This post is an extended version of my Techbrains 2022 - Baku talk.

Let’s start by introducing Distributed Systems (DS). DS is a system where you use multiple nodes to reduce workload on a single node. It’s kind of like multithreading but we figured out that multithreading is easy, so we decided to use network as a communication layer instead of system memory to coordinate these systems.

What problems does it solve?

Horizontal scaling - instead of having to upgrade your servers to more expensive tiers (considering you’re a cloud user) you can just spin up a new server and host another node there to reduce individual workload.

Redundancy - to reduce risk of data loss you can spin up multiple nodes in different data centers and synchronize system state between them.

Latency - the ability to spin up a new node gives you ability to spin new nodes near to your users to reduce latency which might be a big deal in certain real time applications like trading.

Why we don’t use them everywhere?

Well it’s not that easy to build a distributed system. There’s some tricky parts we need to deal with as a DS engineers. So let’s take a look at them.

Let’s say 2 users write data at the exact point of time. How are you going to handle that? The thing is the system usually supposed to be deterministic, you can’t just rely on entropy to make decisions on behalf of you.
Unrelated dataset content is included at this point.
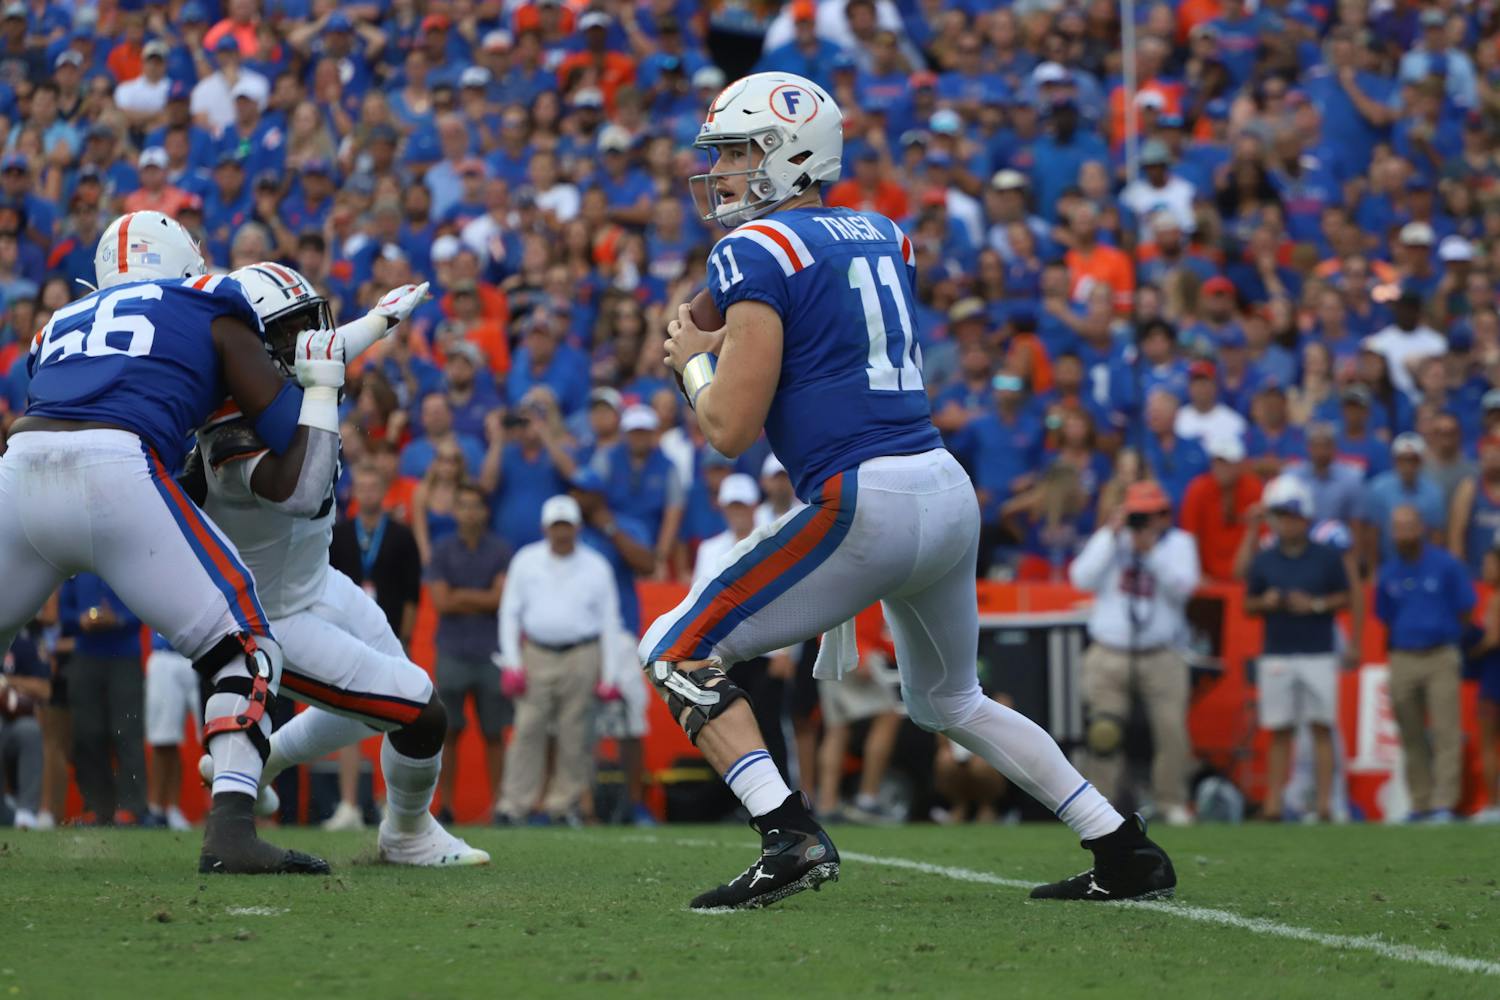 Florida quarterback Kyle Trask drops back to pass against the Auburn Tigers Oct. 5, 2019. Trask is now a member of the NFL&#x27;s Tampa Bay Buccaneers. ﻿

If you do so you are going to have fun days where you’re going to deal with customers complaining that one customer in place A sees X value where another one sees Y. So yeah, the system needs to be deterministic.

Also in the above case we assumed that our clocks are synchronized perfectly. But reality is usually disappointing and not perfect. So does our clocks. It’s almost impossible to guarantee that clocks are perfectly synchronized. So you can’t simply rely on timestamps to decide on which message is the last one. Well you might say what can possibly go wrong with a few ms of clock skew? I would say, a lot of things depending on the nature of the system you’re building. A few milliseconds is a lot for a sensitive system like trading, or a real time multiplayer game.
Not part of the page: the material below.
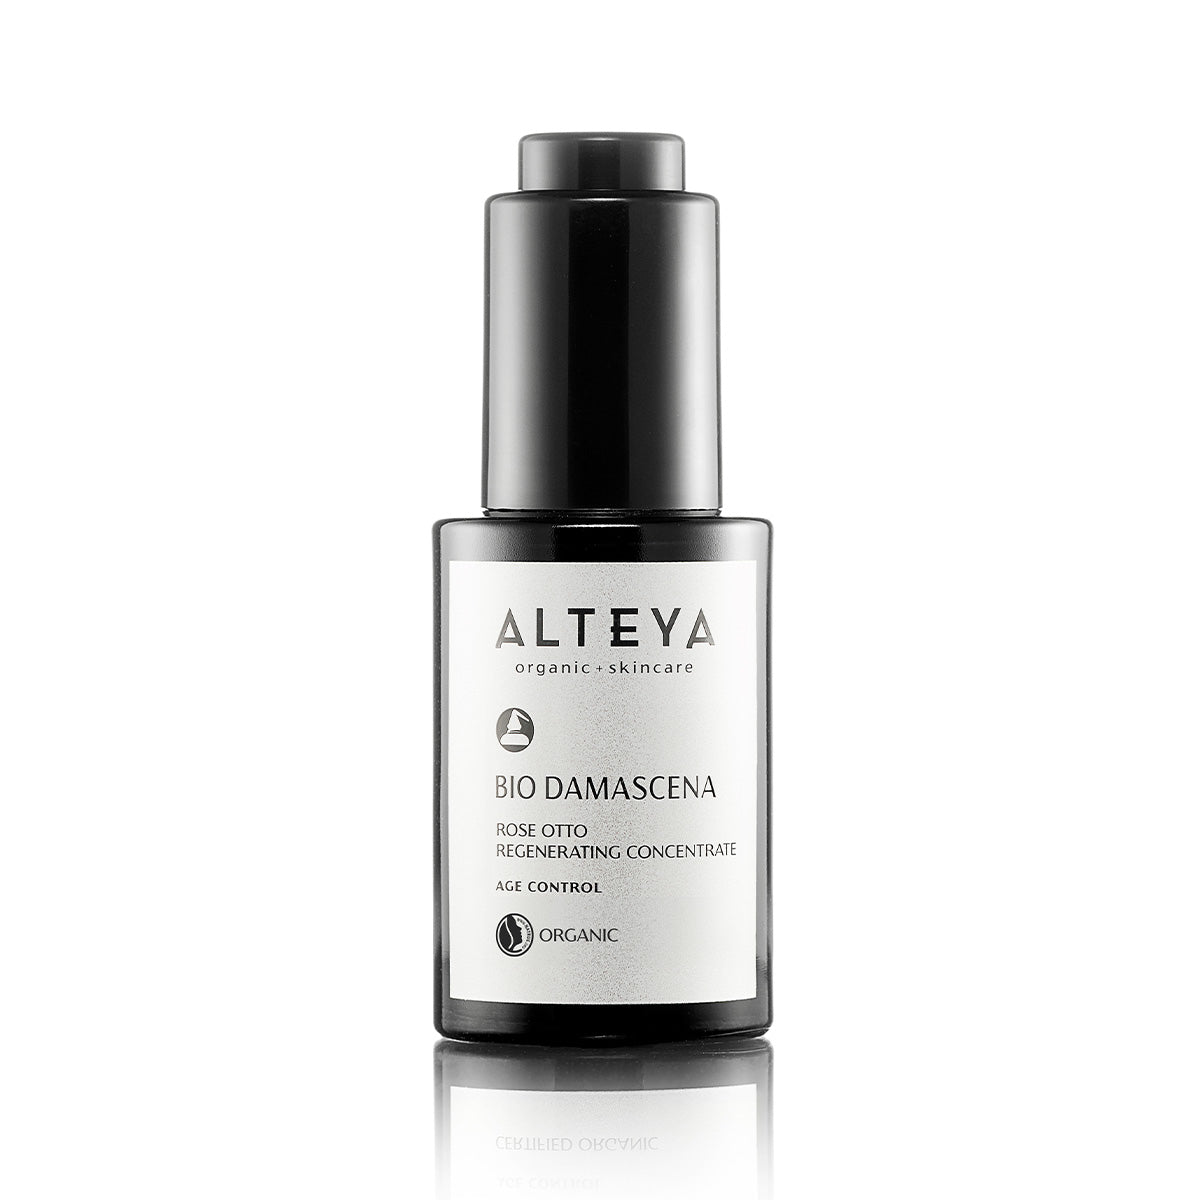 A black and white bottle of Alteya Organic Skincare's Bio Damascena Rose Otto Regenerating Concentrate, labeled as a high-performance serum for organic age control.

And here comes elephant in the room - the network itself. We usually need to rely on network to communicate with different nodes. The problem is network is not reliable, there’s latency, there’s lost packets, there’s unavailable routes, there’s traffic & bandwidth issues, etc… So you have to take those cases into consideration as well. And that by itself can became a huge deal breaker when building reliable systems.

Untrusted systems

Until that point we assumed that all nodes are going to be managed by the trusted parties. But in fact distributed systems can be deployed into untrusted environments. At least we have tried doing so with bitcoin and all the other cryptocurrencies. The problem with maintaining non-trusted distributed network is you can’t just rely on conventional consensus algorithms like Raft to solve certain problems. Those algorithms rely on the fact that all nodes will provide legit data, but if you don’t have a central authority you need to rely on other factors to solve conflicts. Consensus mechanisms like Proof of Work, Proof of Stake all relies on that property - they simply give more power to the nodes that has either more computing power or more stake.

And also there’s human factor where if a party can somehow change minds of certain user group, they can create their own network using their own modified fork of the previous network. Which in return decreases trust on the system because the original append-only ledger gets overwritten, so does people’s perception on the system.

Keywords

Here’s some keywords & references if you want to dig deep into speicifc subjects.

  • Vector clocks
  • Consistent hashing
  • CRDTs
  • Load balancer
  • Sharding